Life is unpredictable. As much as everyone would love to control and conduct their lives as they wish, it isn’t possible. Most things in life come unannounced and uninvited. This unpredictable nature of life is where insurance comes into play. Life insurance in today’s time is nothing short of a necessity. It doesn’t matter if you are young or old, married or single, getting good term insurance is something that you will not regret.
While life insurances come in various sizes and shapes which may suit a person’s needs or demands, a term life insurance is a little different than other life insurances. All kinds of life insurances assure you financial protection and/or compensation in certain cases.
But before moving ahead with the details of what a term life insurance provides you with, let us understand what’s term life insurance? In simple words, a term life insurance basically covers the customer for a period of time or term and offers a tax-free, one-time benefit or payment to the designated beneficiaries in case of their passing away.
Term insurance plan is a kind of life coverage plan which covers the danger of sudden passing away. In the event of the death of the insured person, during the term of the approach, this strategy vows to pay a ‘death advantage’ or ‘death benefit’. This kind of an insurance plan is the least complex and most established type of affirmation and allows payment of the said sum of money guaranteed on death if passing away happens inside the fixed terms and conditions.
A term insurance plan guarantees high coverage at comparatively low expenses, permitting you to benefit from a high sum promised which would financially support your family’s monetary necessities in case of your untimely demise. Thus, it provides monetary protection while compensating your loved ones against the financial loss of your premature death as they cope with the death of a loved one.
Difference between term insurance and whole life insurance?
Term insurance refers to the payment of premium for a term. If the policyholder suffers an untimely death within this time frame, the insurance company is liable to pay the death benefit amount to the nominee. While in case of a whole life insurance dual benefits of protection of life and investment are assured to the policyholder. These plans may offer an advantage of cash accumulation built during the term of the policy. However, the sum provided as the death benefit is way higher than maturity benefits provided by whole life insurance.
While many people choose to go for term insurance, it always gets new players in the market who are willing to invest, dazed and confused. Even though making a choice may seem tough at first, getting suitable insurance and managing your finances can save you a lot of stress in life later.
Term insurance plans usually offer an extremely low premium as compared to regular insurance.

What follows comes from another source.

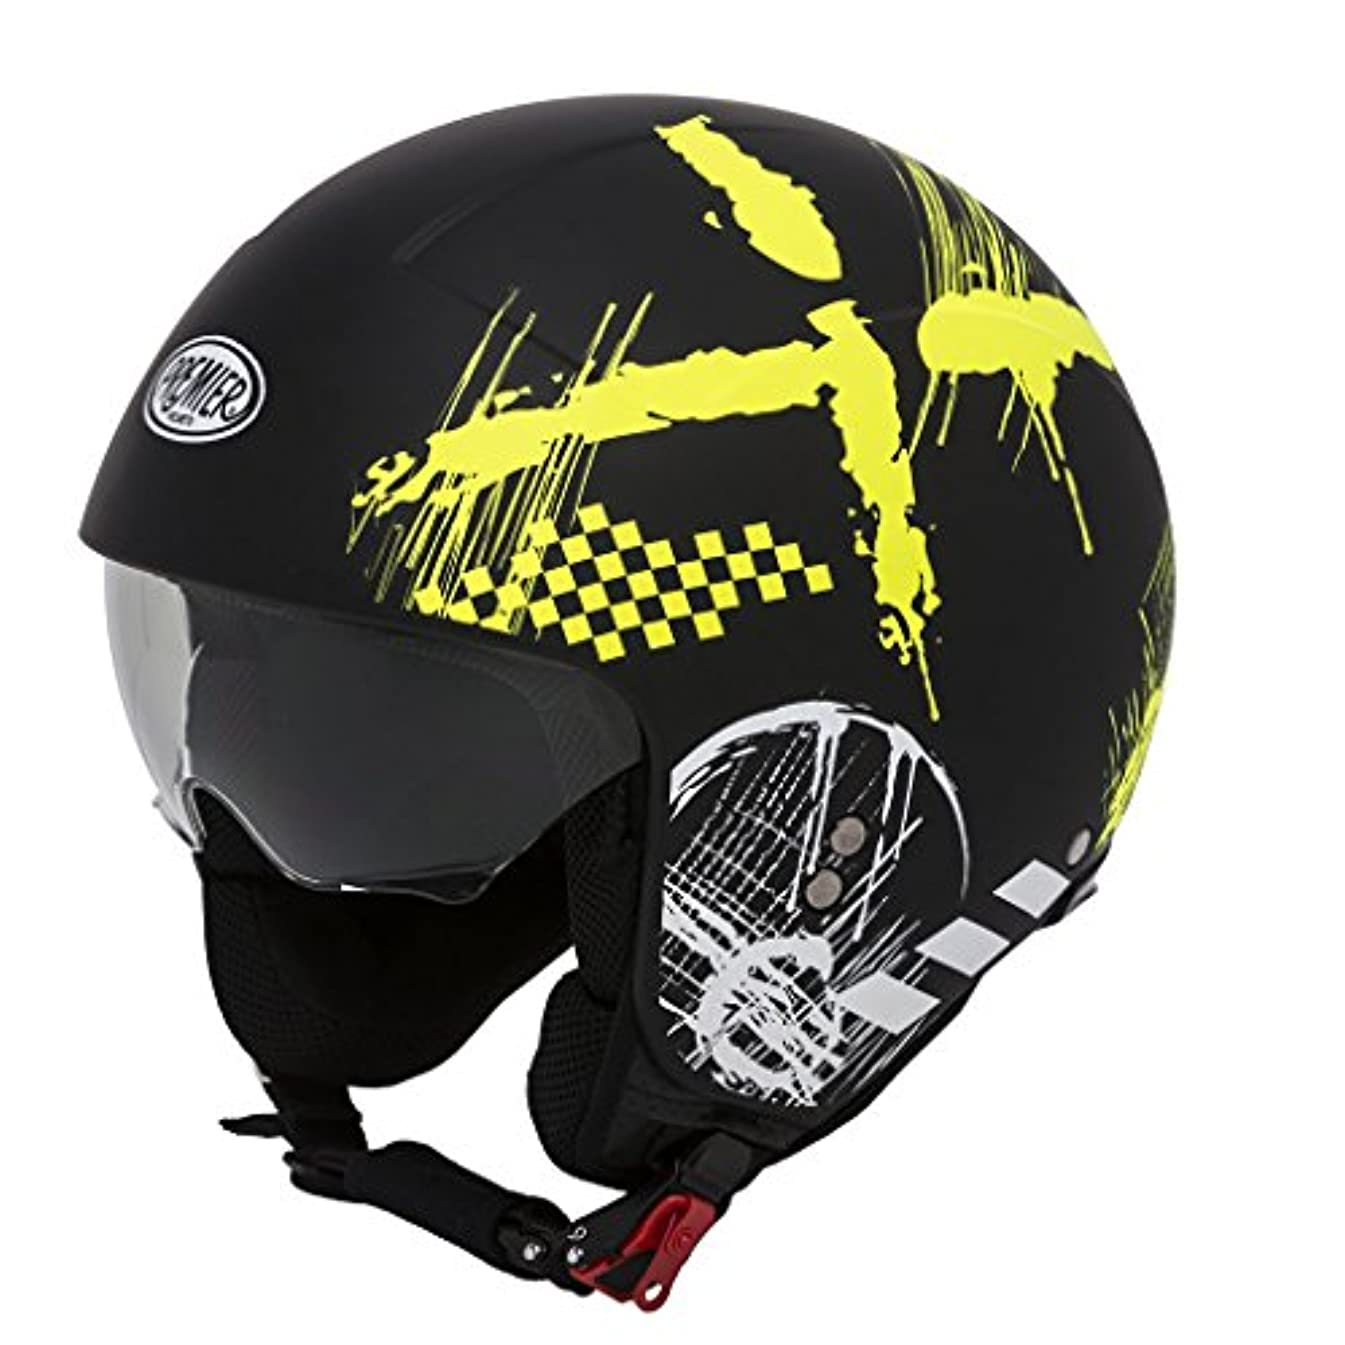 時制対処影響を受けやすいですPREMIER / プレミア ROCKER RXY BM オープンフェイス ヘルメット, サイズ : M

This makes it a deal wherein the premiums are low but benefits will be high. It is also notable that all the premium sum is allocated to providing insurance coverage, in the case of term insurance. Thus, no money is invested which also makes it less liable for losses or lower than expected sums. Term insurance plans are generally more affordable than regular life insurance and even if people have a regular life insurance plan, getting another term insurance is something that many people do.
Term insurances basically cover risk and in case of an untimely death of the policyholder, a large sum of money is provided to the nominee. As ridiculous as it may sound many people view this as a win-win situation because it basically allows low premiums and ensures high returns or benefits. In the case of regular insurance, the value is built over a period of time as premiums might be invested.
To make it even simpler let’s take an example of Mr X. Assuming this person is in his mid-thirties, earns $100 each month and is looking for good life insurance that suits him. Now if he opts for a regular policy he will have to pay high premiums each month and end up getting a meagre sum as savings for retirement. In this case, his returns are pretty low. However, if he decided to invest in a term life insurance with a coverage of $400,000 then by just paying $15–18 in a 30-year term life insurance he gets way higher returns.
The future sure is predictable but your loved ones’ lives in the future can be predictable if you decide to take the right steps. While you may be surrounded by a dilemma regarding life insurance make it is essential to get one because there’s never a right time for this, today is the best day. Plus, let’s face it term insurance can really be a blessing in disguise.
Tommy Williamson did his degree in psychology at the University of Edinburgh. He has an ongoing interest in mental health and well-being.